== TASK INPUT ==
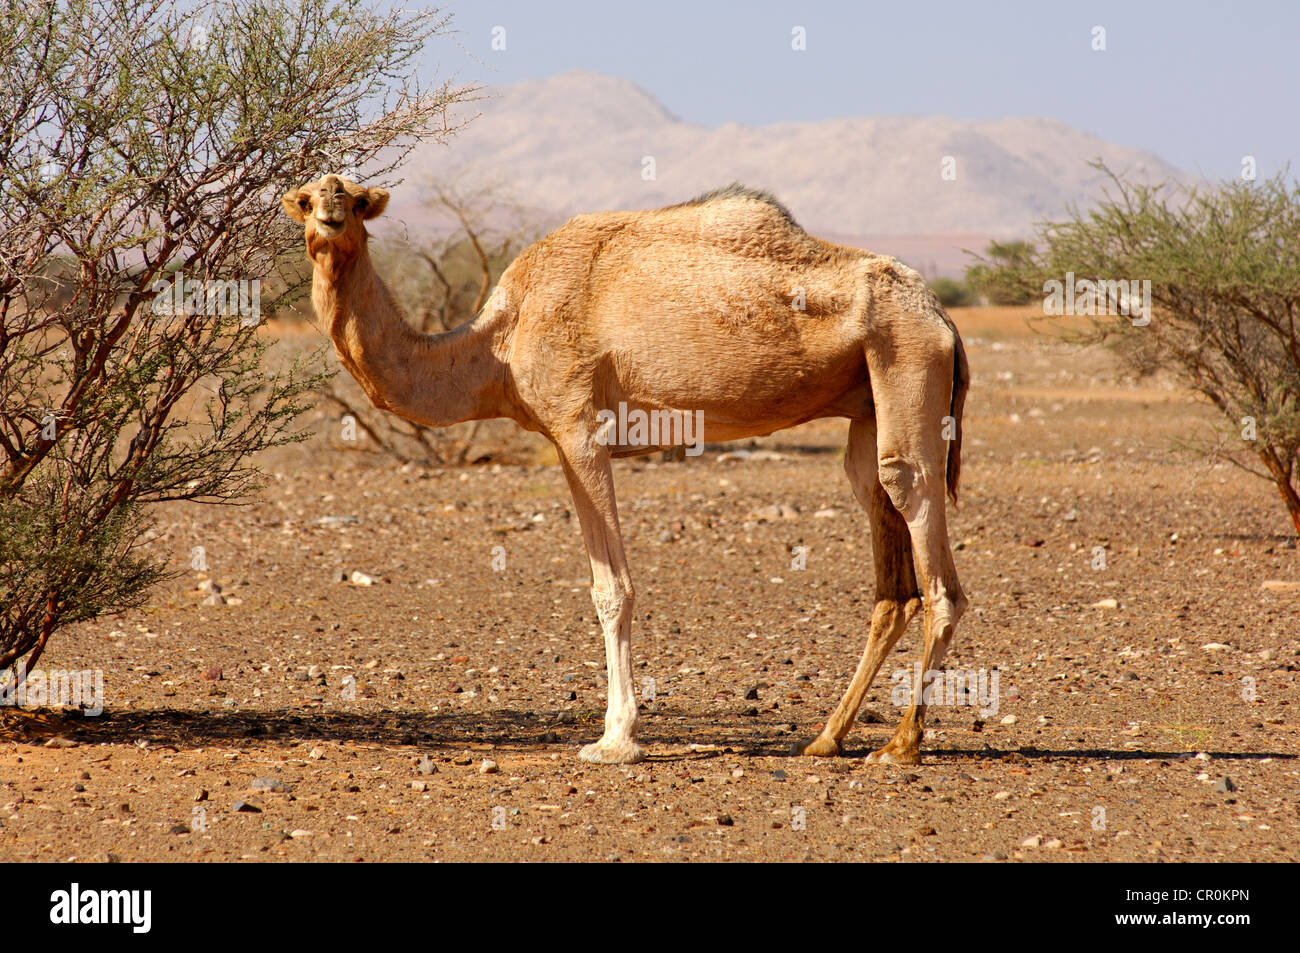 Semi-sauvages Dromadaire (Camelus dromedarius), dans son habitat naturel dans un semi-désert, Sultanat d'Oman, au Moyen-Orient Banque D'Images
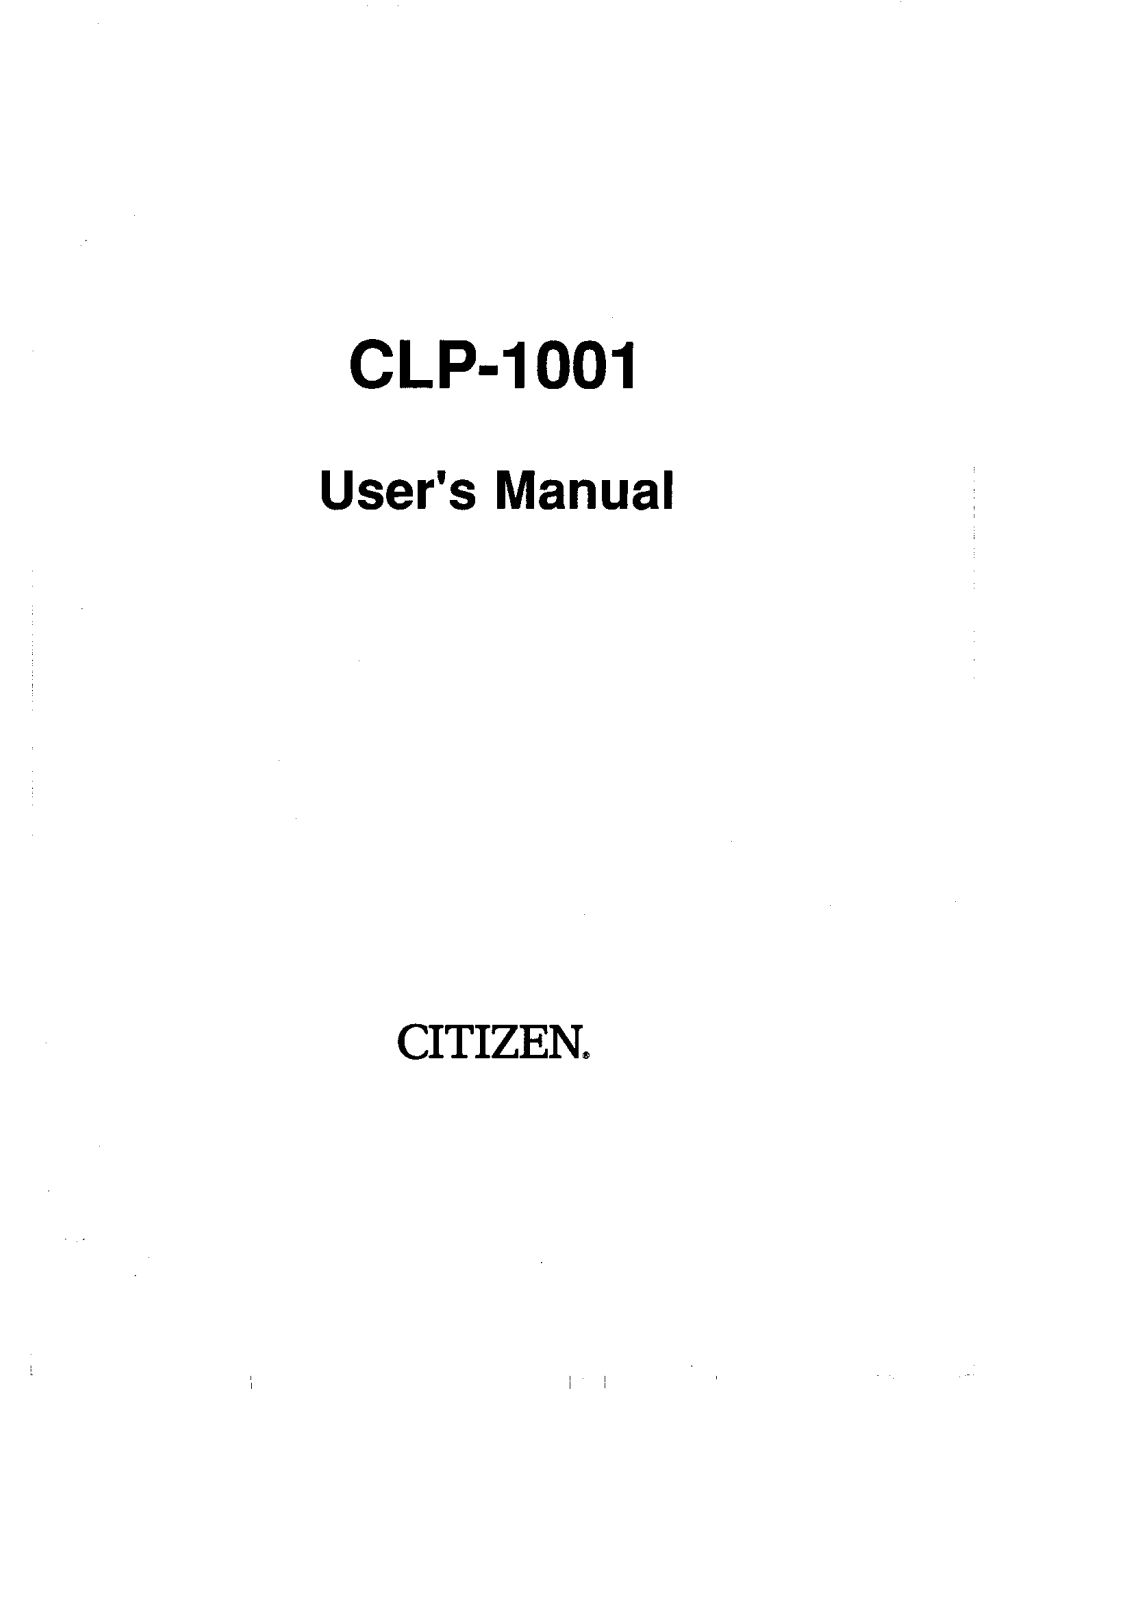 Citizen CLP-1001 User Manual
===
== TASK INPUT ==
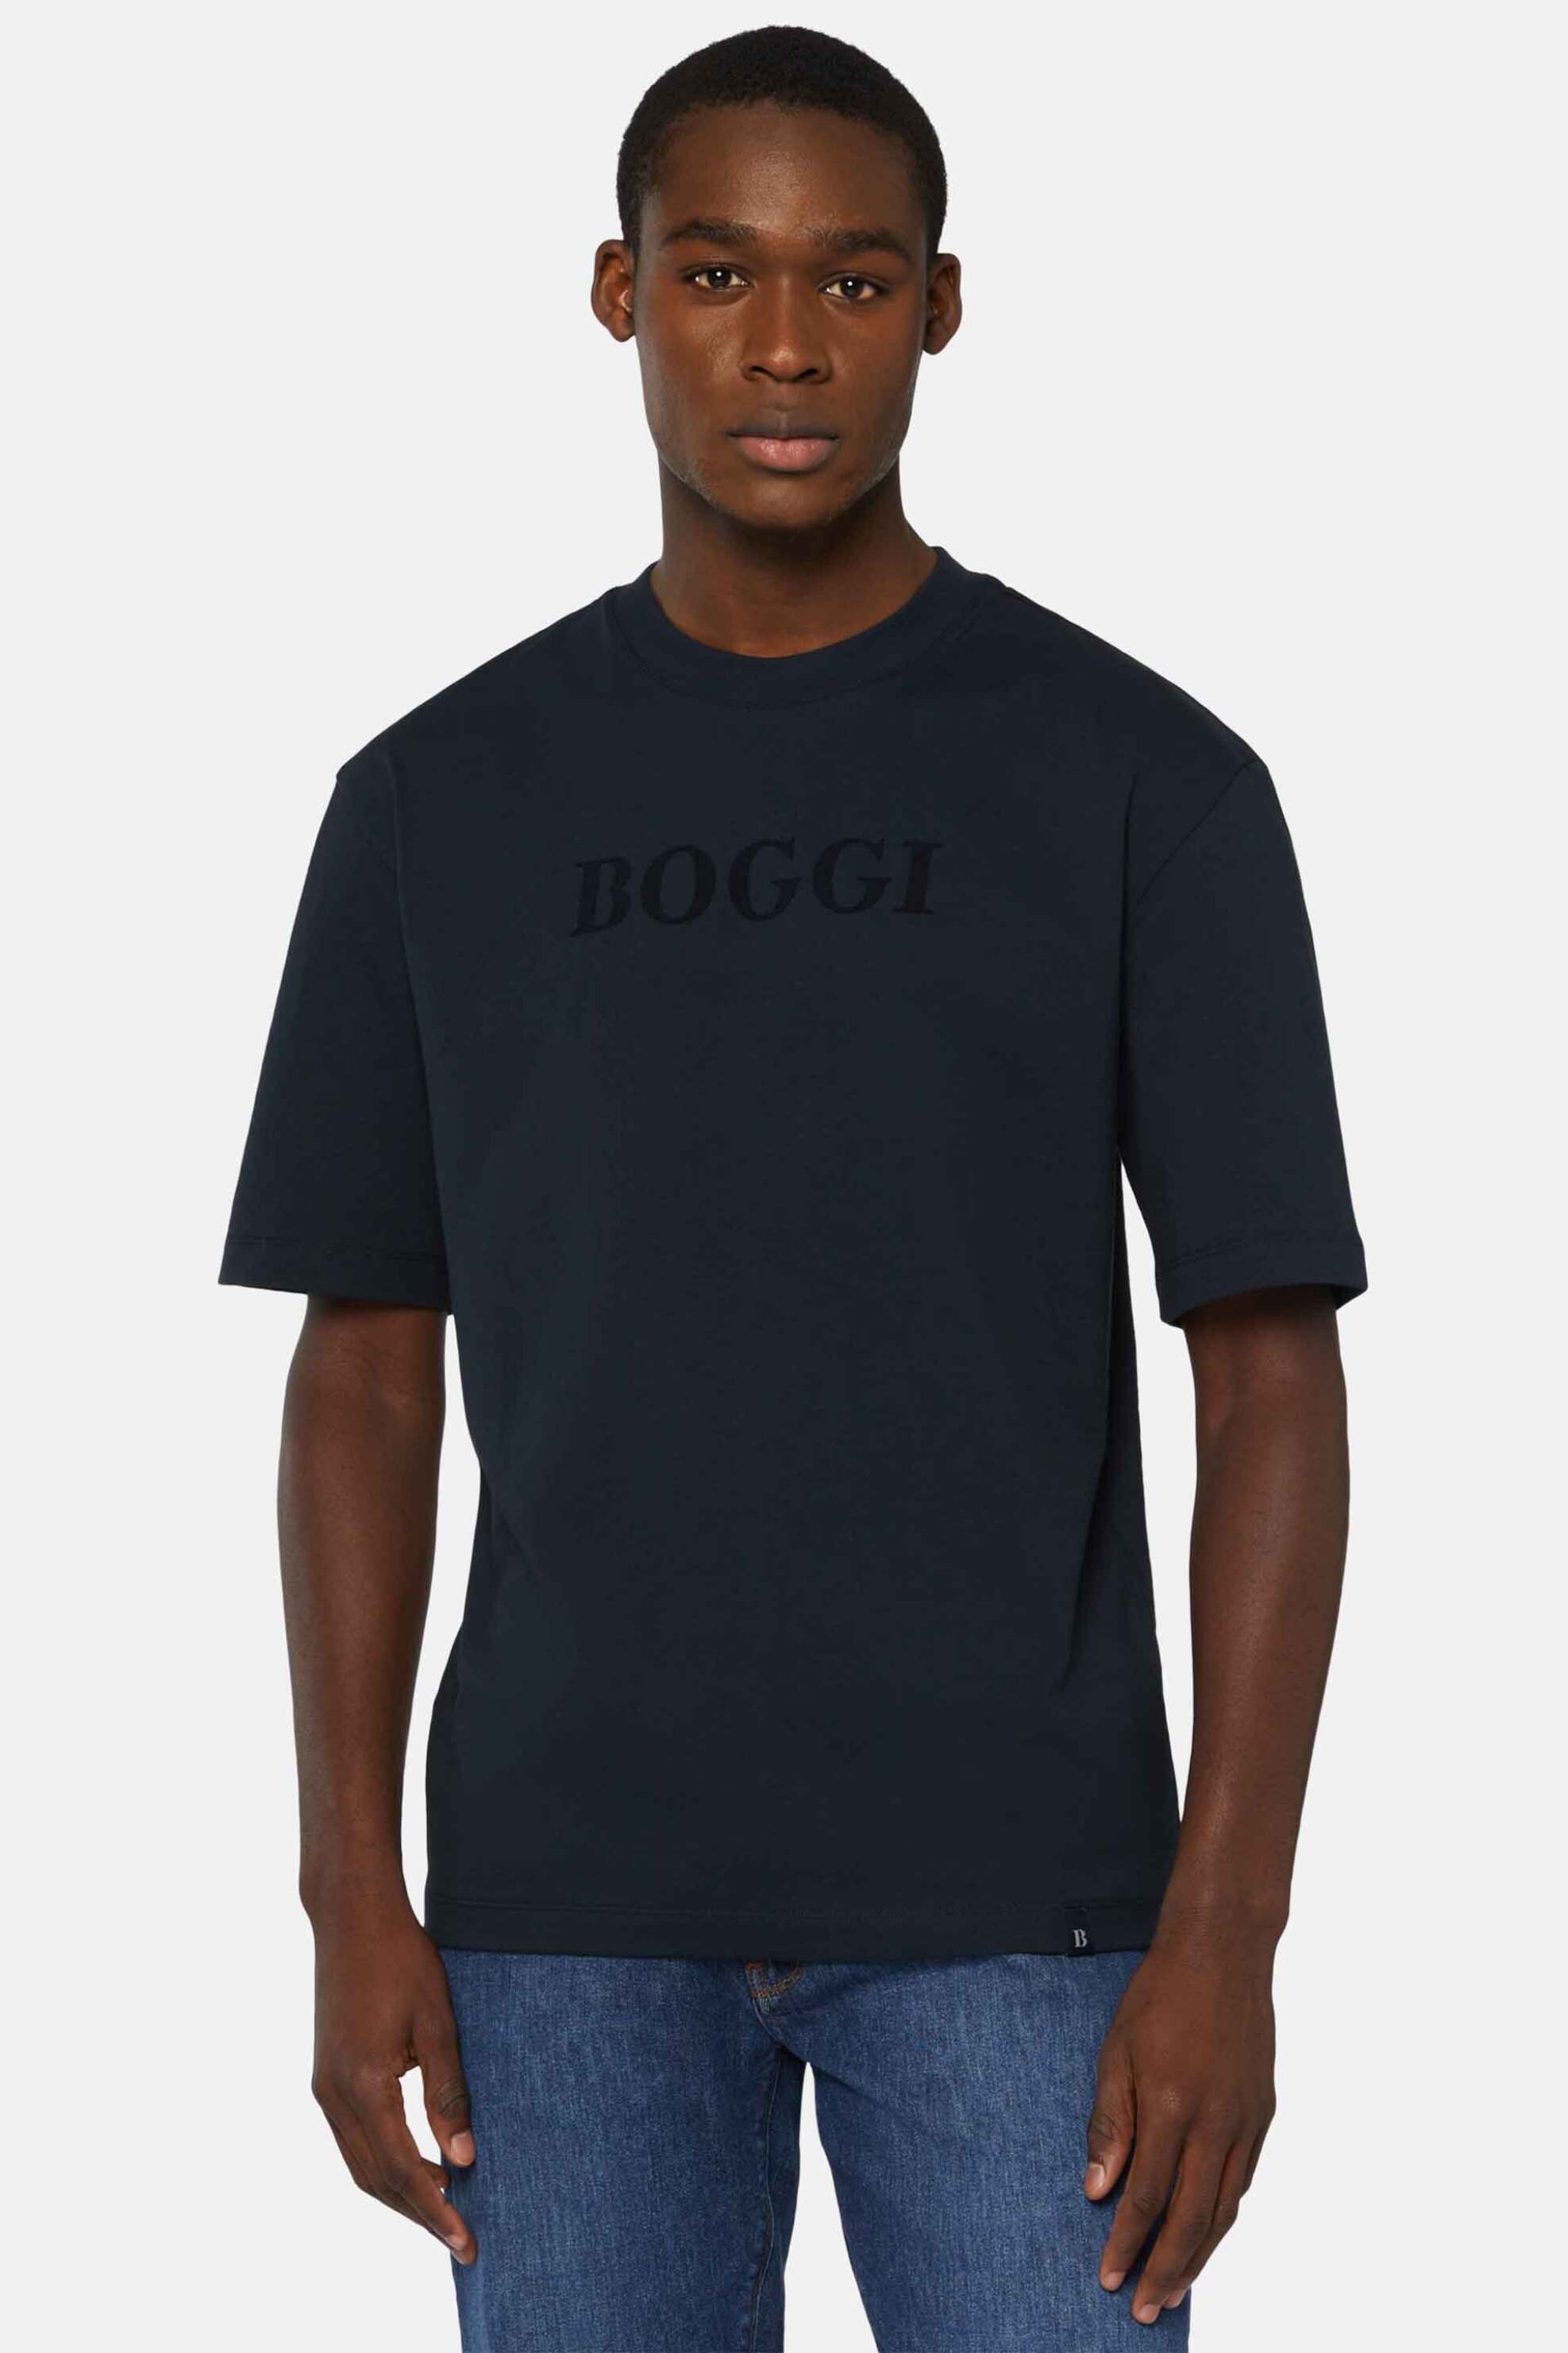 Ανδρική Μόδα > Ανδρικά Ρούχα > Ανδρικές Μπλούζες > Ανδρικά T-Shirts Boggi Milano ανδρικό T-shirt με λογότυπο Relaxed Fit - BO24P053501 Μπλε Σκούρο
===
== TASK INPUT ==
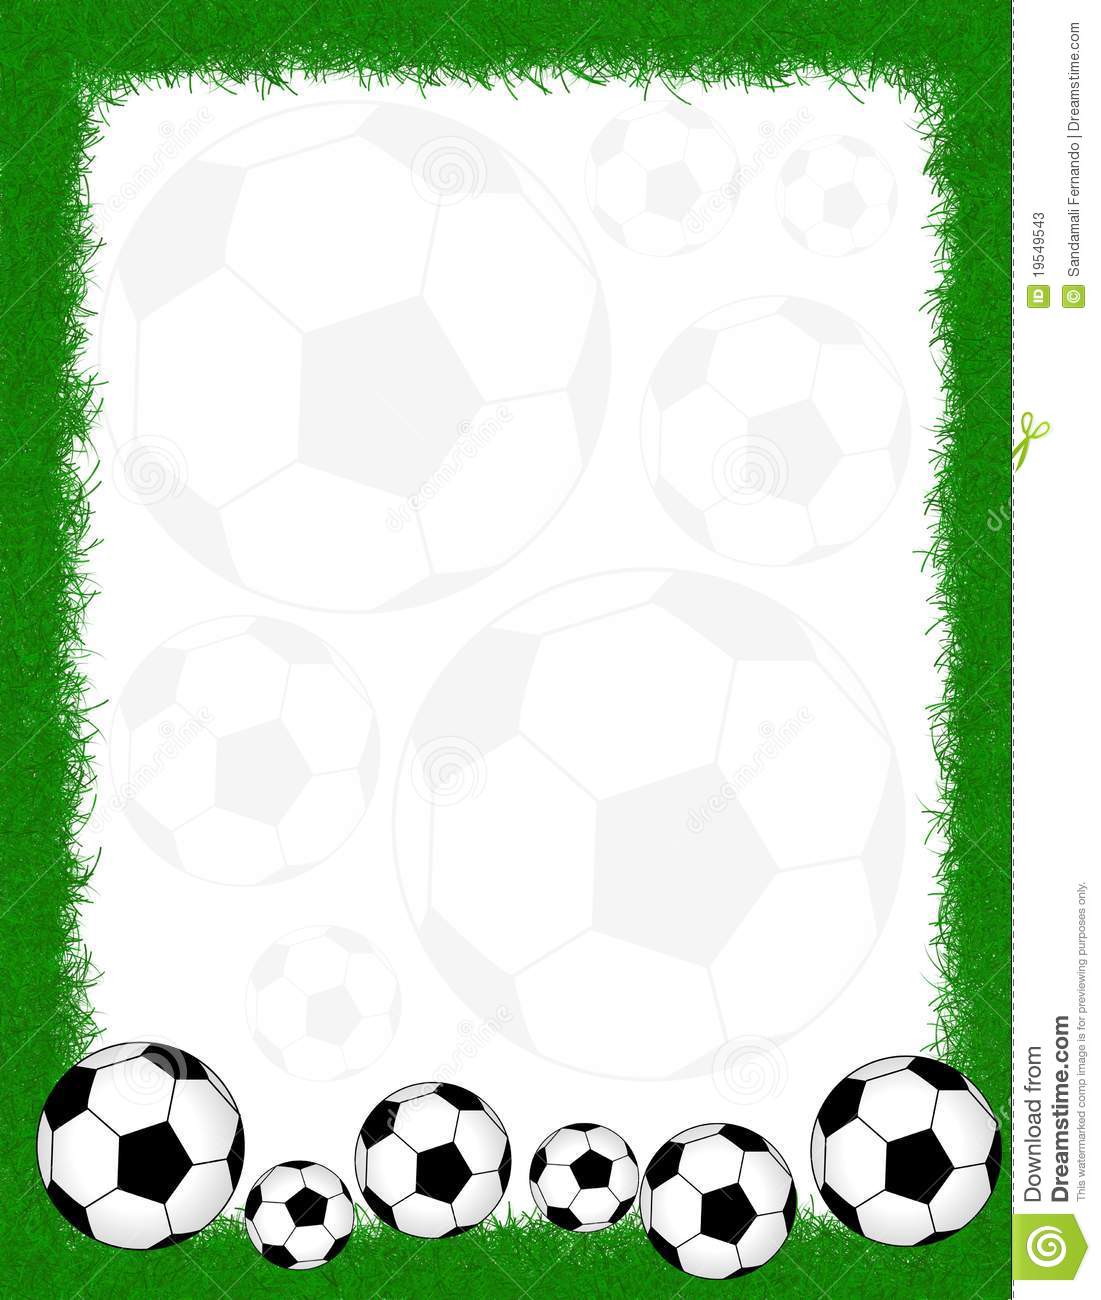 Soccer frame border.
===
§ **TASK DESCRIPTION**:
Among the entries above, copy exactly the stretch from the line holding "Semi-sauvages Dromadaire (Camelus" through the line holding "Citizen CLP-1001 User Manual", leaving out any pictures.

§ **SOLUTION TO THE PROBLEM**:
 Semi-sauvages Dromadaire (Camelus dromedarius), dans son habitat naturel dans un semi-désert, Sultanat d'Oman, au Moyen-Orient Banque D'Images
 Citizen CLP-1001 User Manual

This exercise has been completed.